» **Work task**:
Using the records that follow, reproduce exactly the lines starting at the line containing "vue d'un fleuve" and ending at the line containing "Burger avec des". Include both end lines and no pictures.

» **Data**:
* * * * * * *
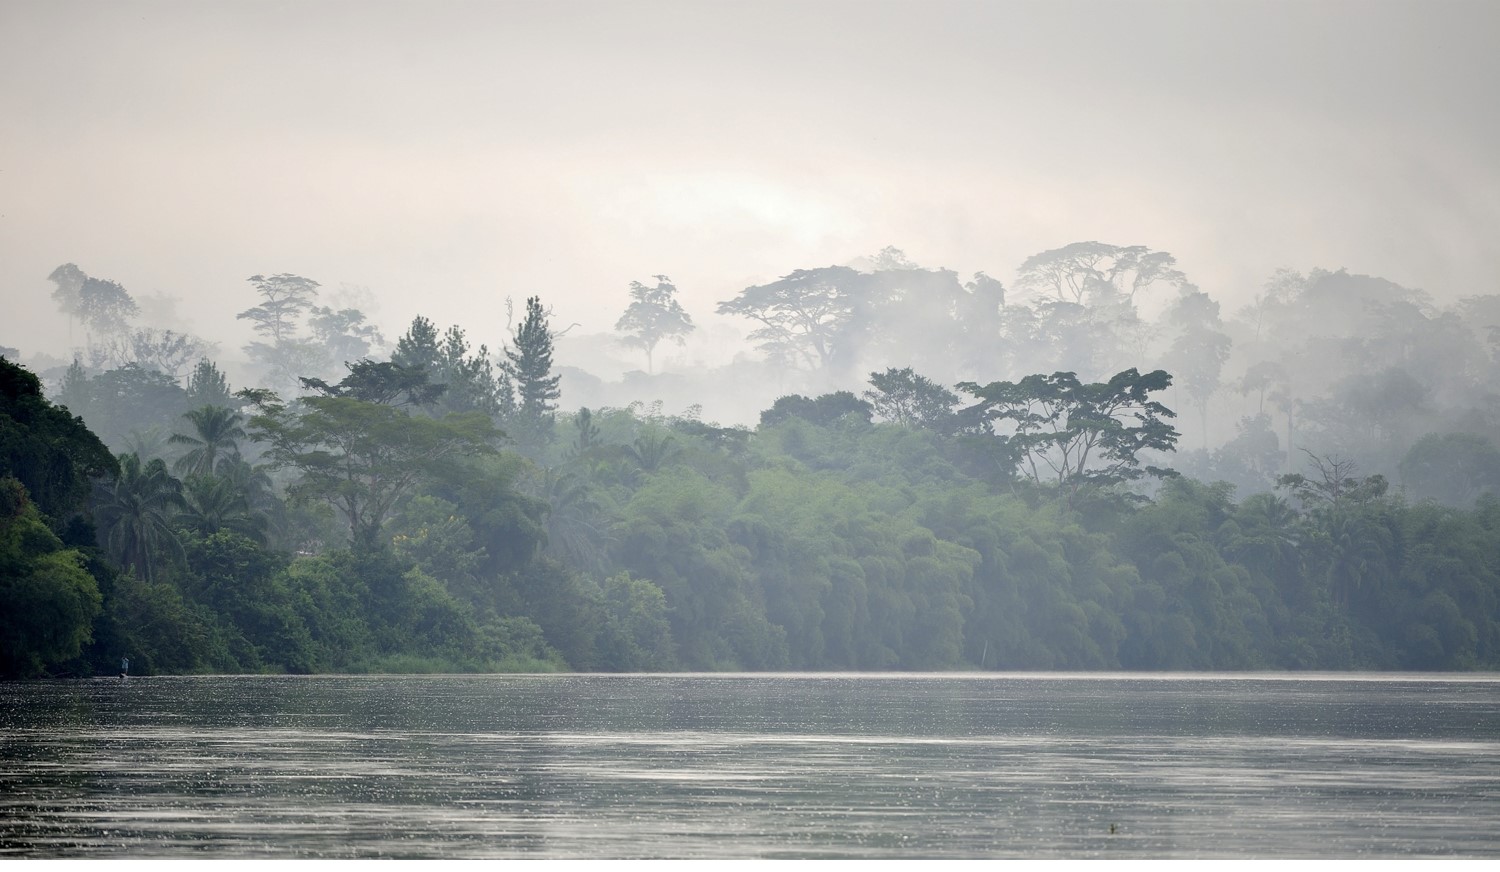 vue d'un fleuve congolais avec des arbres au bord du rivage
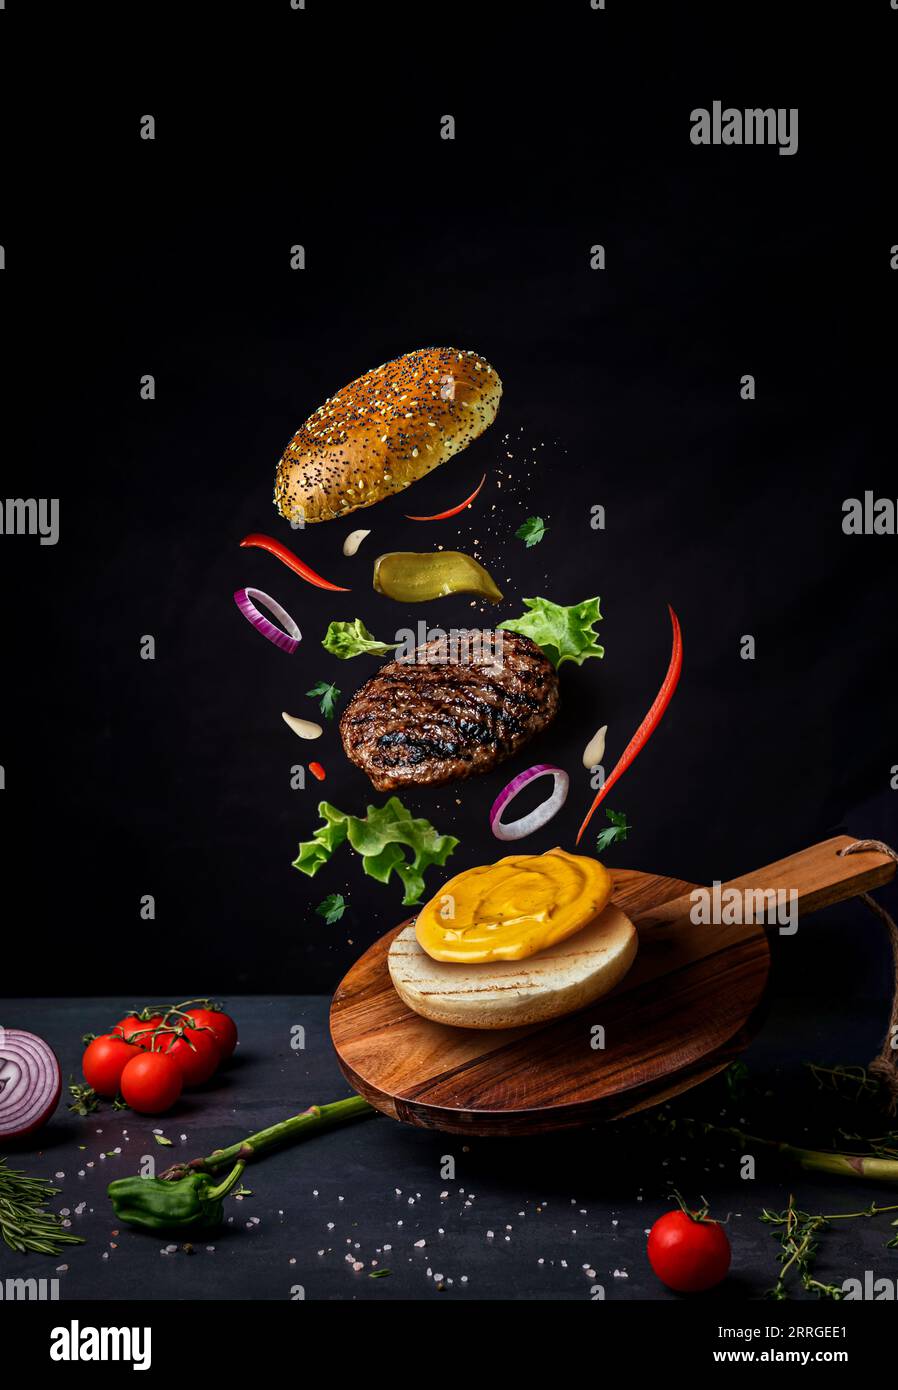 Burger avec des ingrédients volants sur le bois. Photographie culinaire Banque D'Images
* * * * * * *
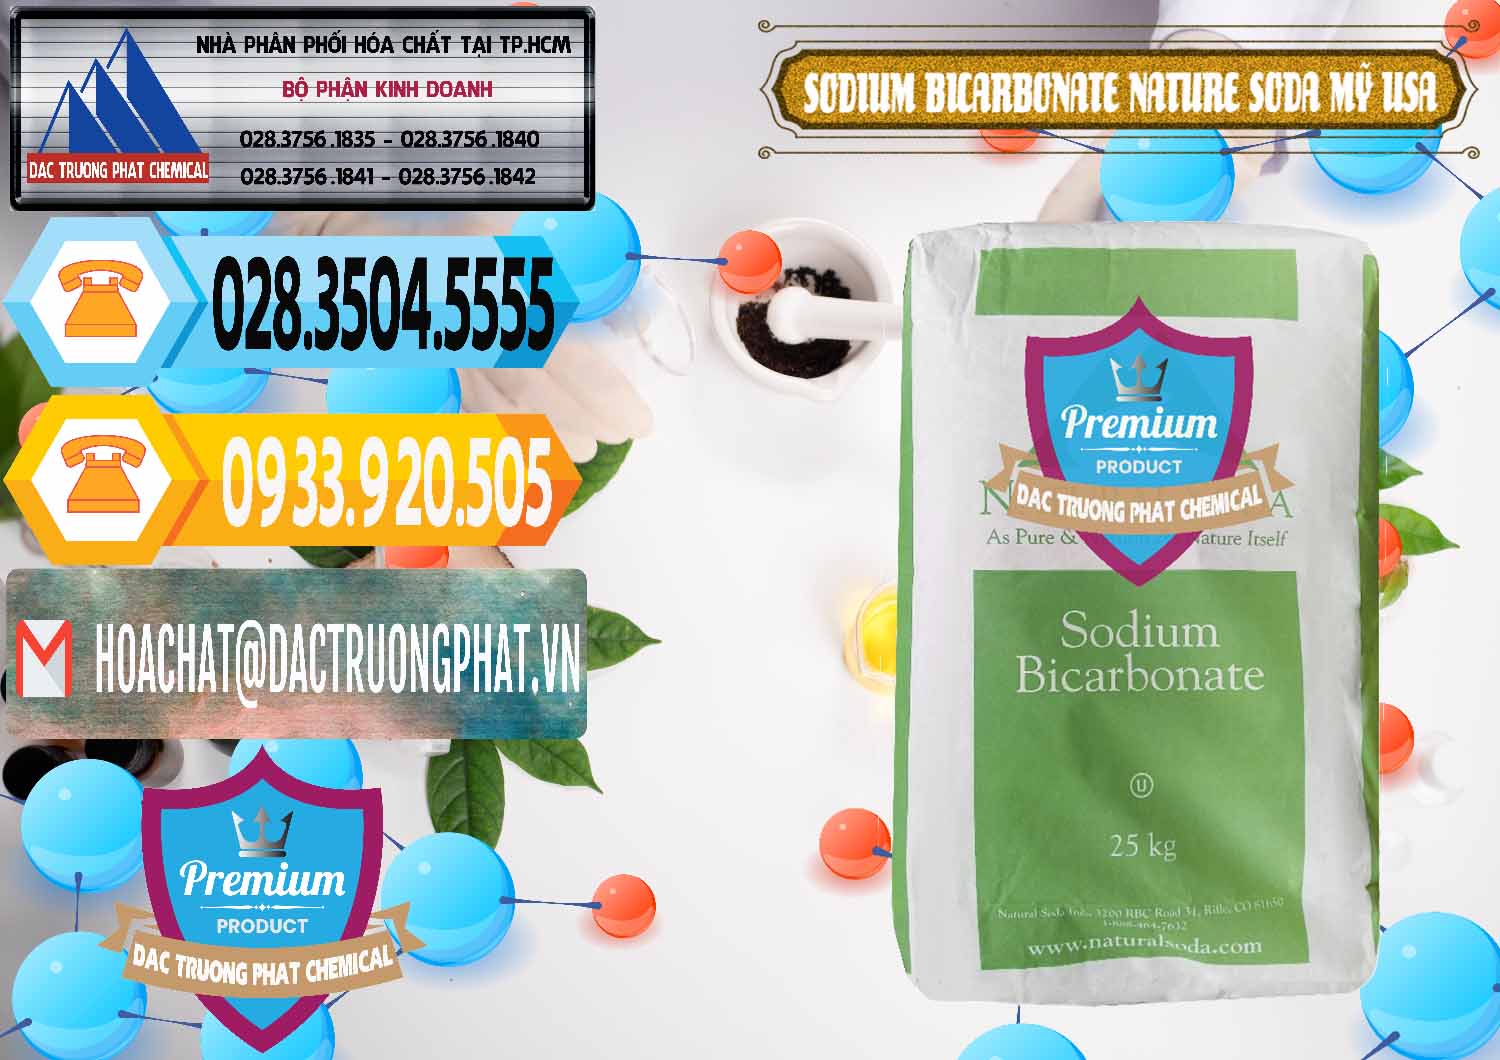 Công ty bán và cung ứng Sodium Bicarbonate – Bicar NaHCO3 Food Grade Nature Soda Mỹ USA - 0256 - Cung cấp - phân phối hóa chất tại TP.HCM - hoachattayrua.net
* * * * * * *
» **Finished exercise**:
 vue d'un fleuve congolais avec des arbres au bord du rivage
 Burger avec des ingrédients volants sur le bois. Photographie culinaire Banque D'Images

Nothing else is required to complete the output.